The material below holds a span beginning at the line with "Bits Of Paper" and ending at the line with "Tech. Sgt. Jessica". Quote that span exactly, both ends included, and only that span.
══ INPUT FOR THIS TASK
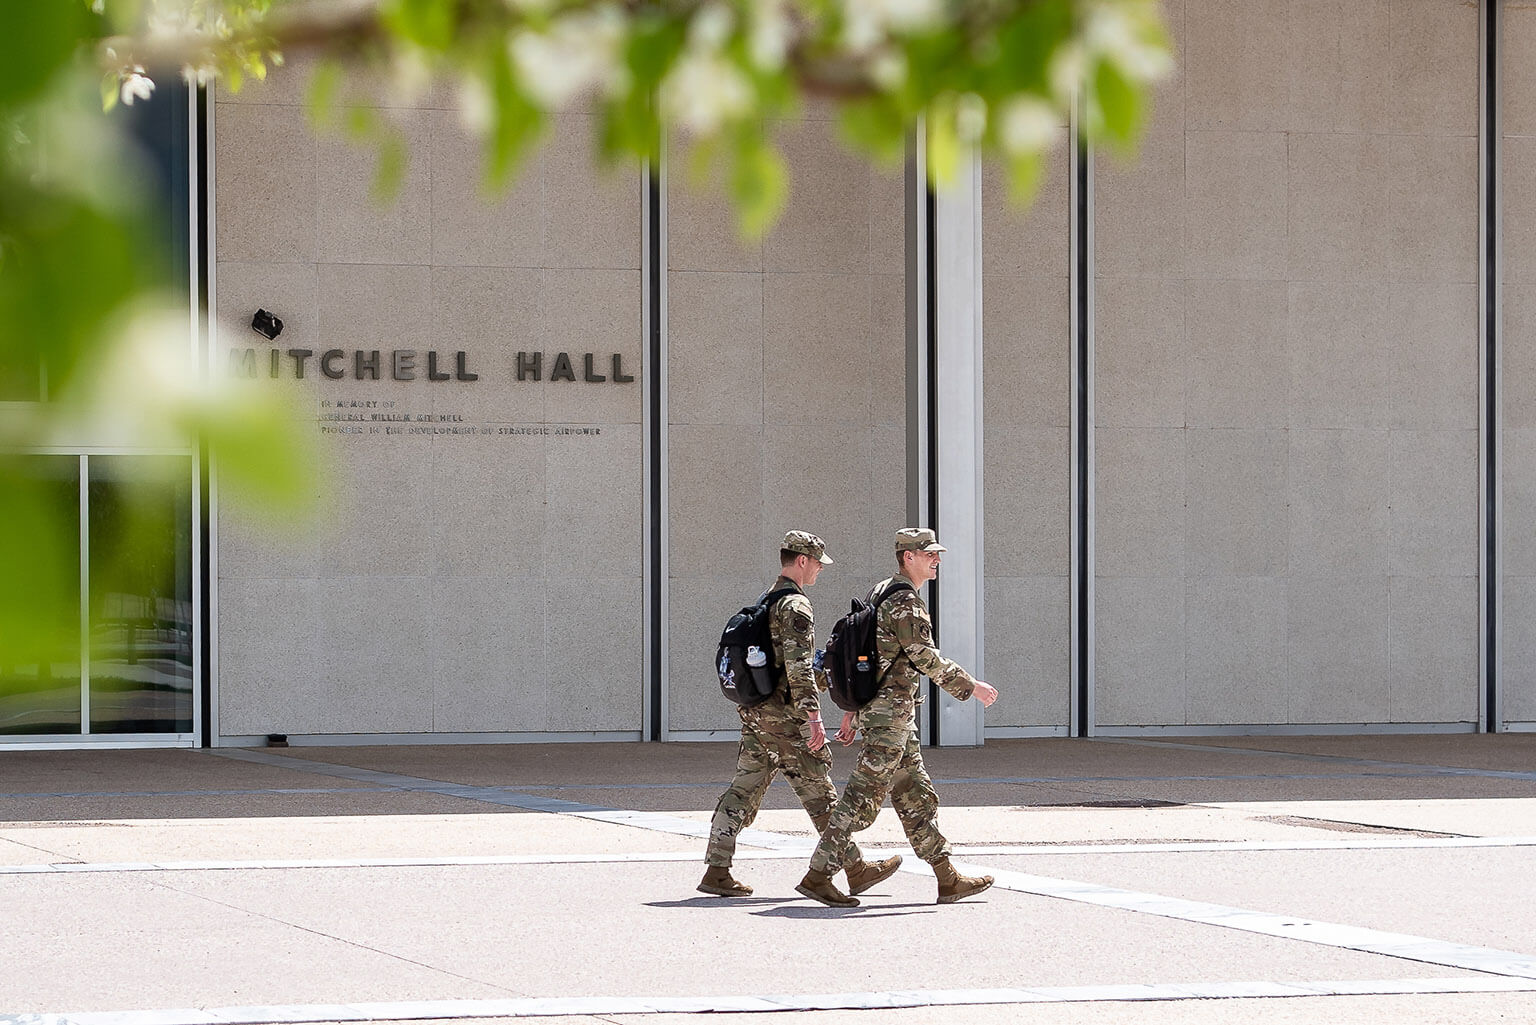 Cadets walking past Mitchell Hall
════
══ INPUT FOR THIS TASK
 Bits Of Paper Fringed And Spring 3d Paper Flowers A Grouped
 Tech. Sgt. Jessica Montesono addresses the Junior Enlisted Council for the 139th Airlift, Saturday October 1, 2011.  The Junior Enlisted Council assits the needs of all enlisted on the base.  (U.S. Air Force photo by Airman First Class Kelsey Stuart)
════
**OUTPUT FOR THIS TASK**
 Bits Of Paper Fringed And Spring 3d Paper Flowers A Grouped
 Tech. Sgt. Jessica Montesono addresses the Junior Enlisted Council for the 139th Airlift, Saturday October 1, 2011.  The Junior Enlisted Council assits the needs of all enlisted on the base.  (U.S. Air Force photo by Airman First Class Kelsey Stuart)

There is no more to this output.